Month: July 2016

How It Happens

In the 1800s, political combat in Germany helped form conflicting political ideologies, including modern liberalism, Marxist communism, Nietzchian conservatism, and the seeds of Nazism.  A century of national and international struggle, within Germany and without, put Hitler into the chancellery in 1933.  Today, it is all too easy to see Hitler as inevitable for 1930s Germany, and to forget the liberal German philosophies opposed to Nazism and the constitutional strengths of both imperial Germany and the Weimar republic.

The United States now finds itself in a situation in many ways resembling Germany in 1933, with the fascists now effectively in control of a major political party, and that party ignoring or even celebrating their links to avowed racists, neo-Nazis, white supremacists, and religious fascists.  The Democrats are attempting to rally the forces of American democracy against the new specter of fascism; but right now the polls indicate that the US lies on a precipice overlooking an unprecedented national catastrophe.

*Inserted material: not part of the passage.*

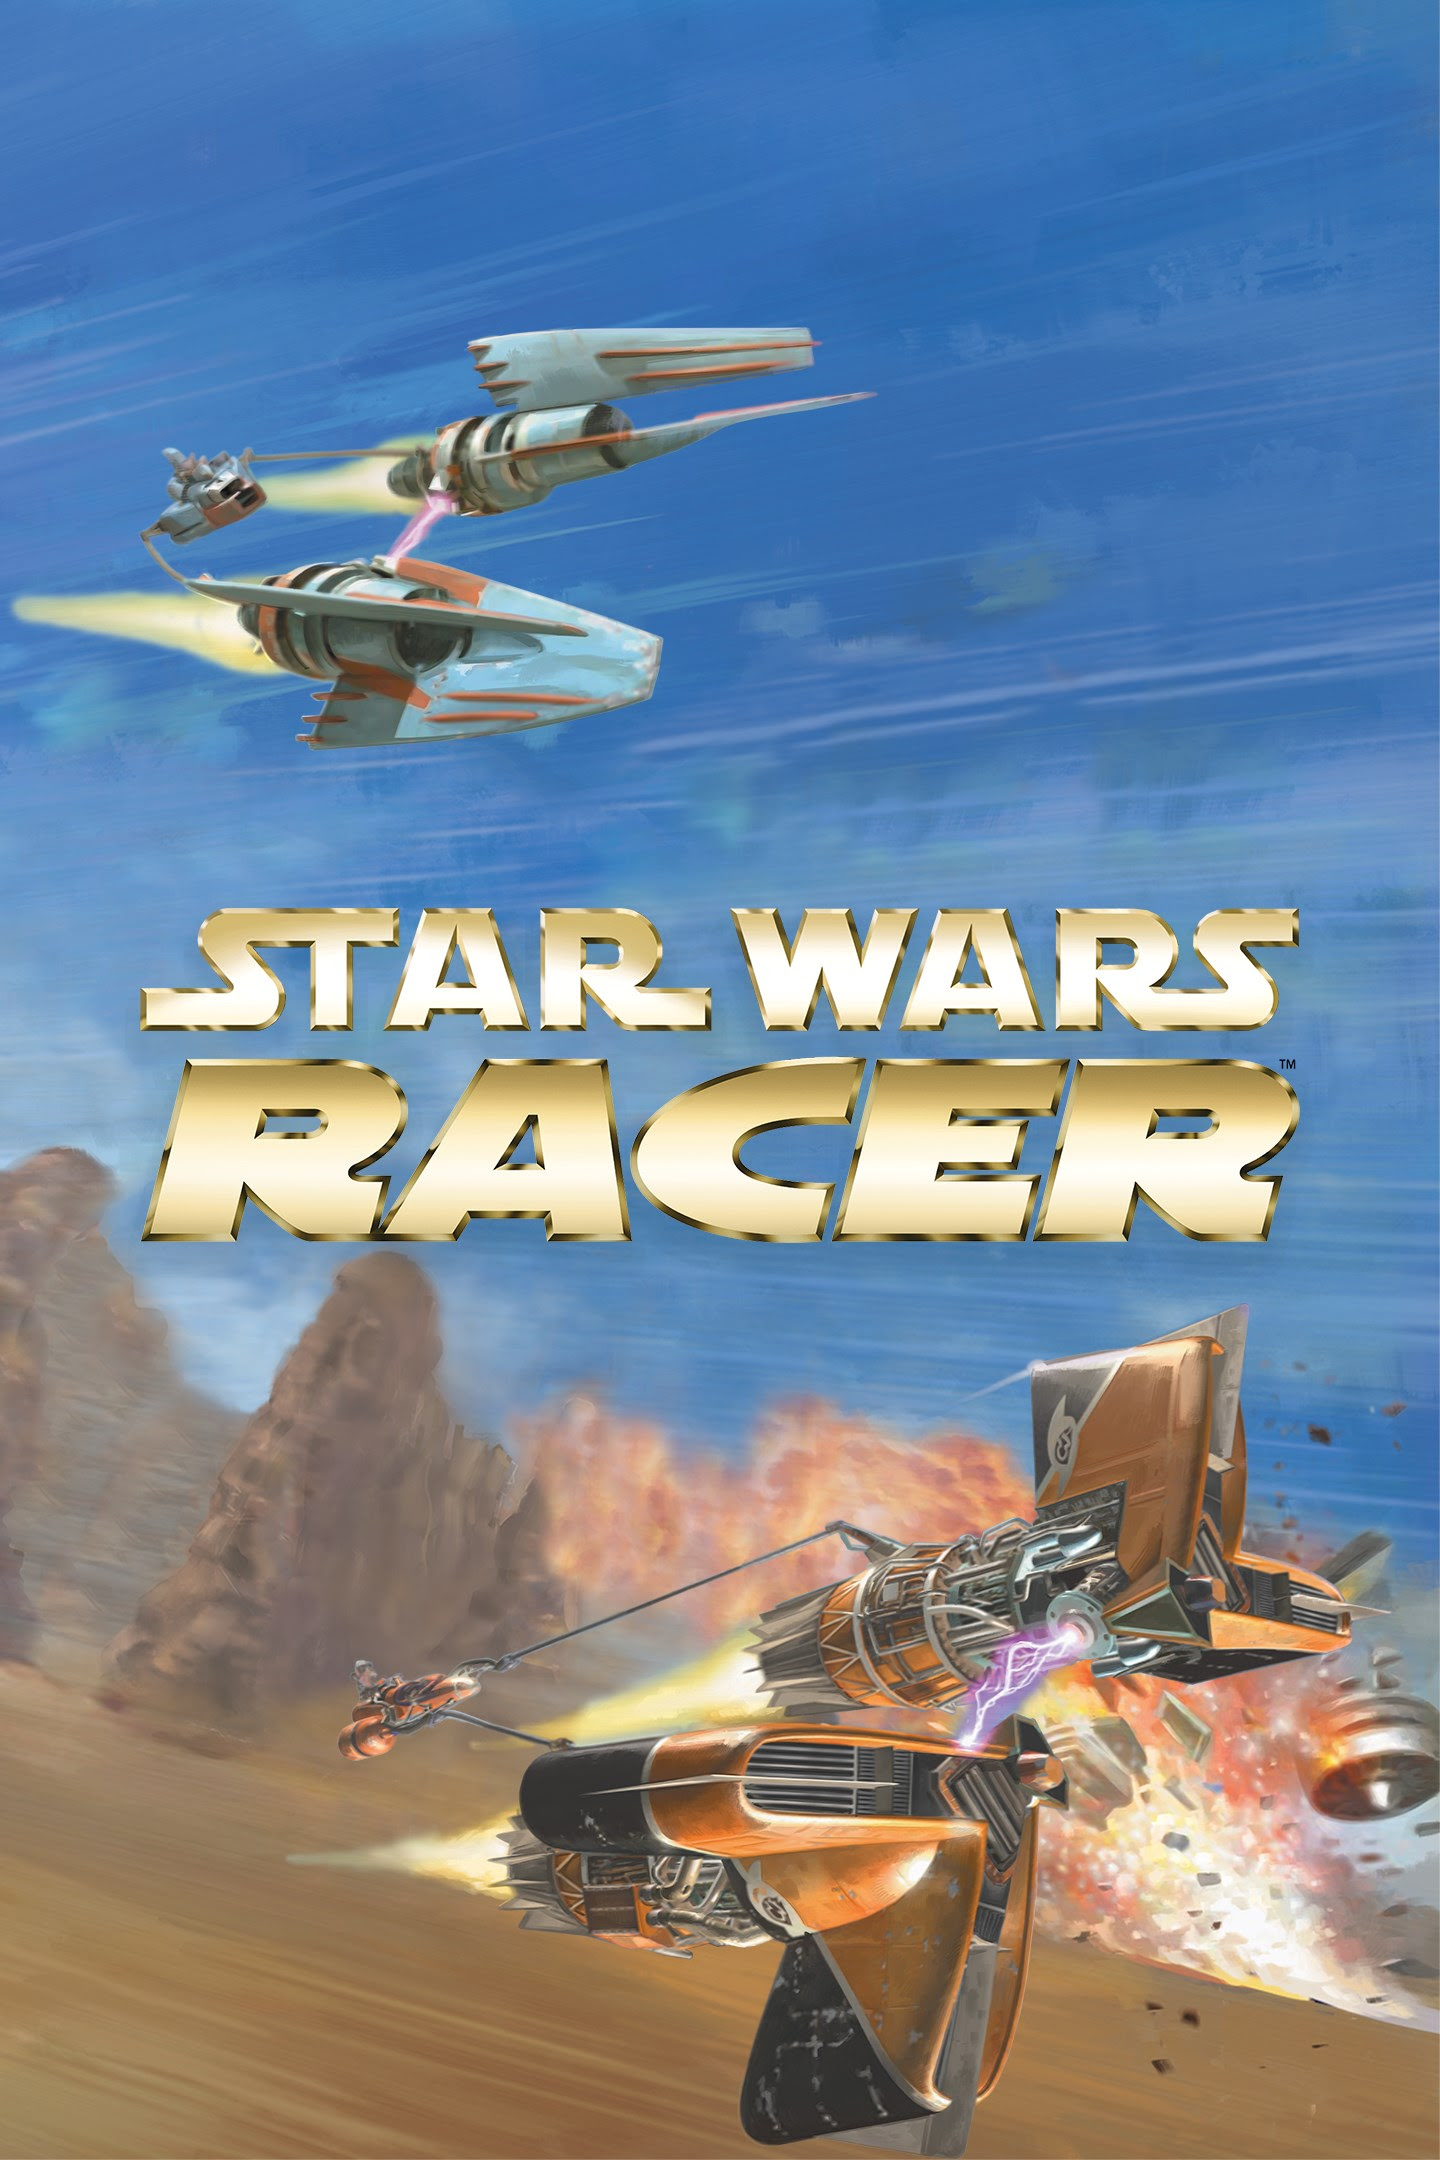 STAR WARS™ Episode I Racer.

Is this an exaggeration of our national situation?  Would Donald Trump, if elected president, really present a threat to our republic?  The Republican Party itself has long predicted disaster that would emanate from Democratic presidencies, particularly the apocalyptic warnings that those like Trump made about President Obama and now about Hillary Clinton.  Are we on the Left overreacting and simply repeating the GOP’s own ridiculous exaggerations, allowing the last adult in the conversation to reduce himself to the uneducated mutterings of the other children?  Can we perhaps relax and presume that while Trump would steer the nation away from our record of progress and success, the republic is strong enough to survive him?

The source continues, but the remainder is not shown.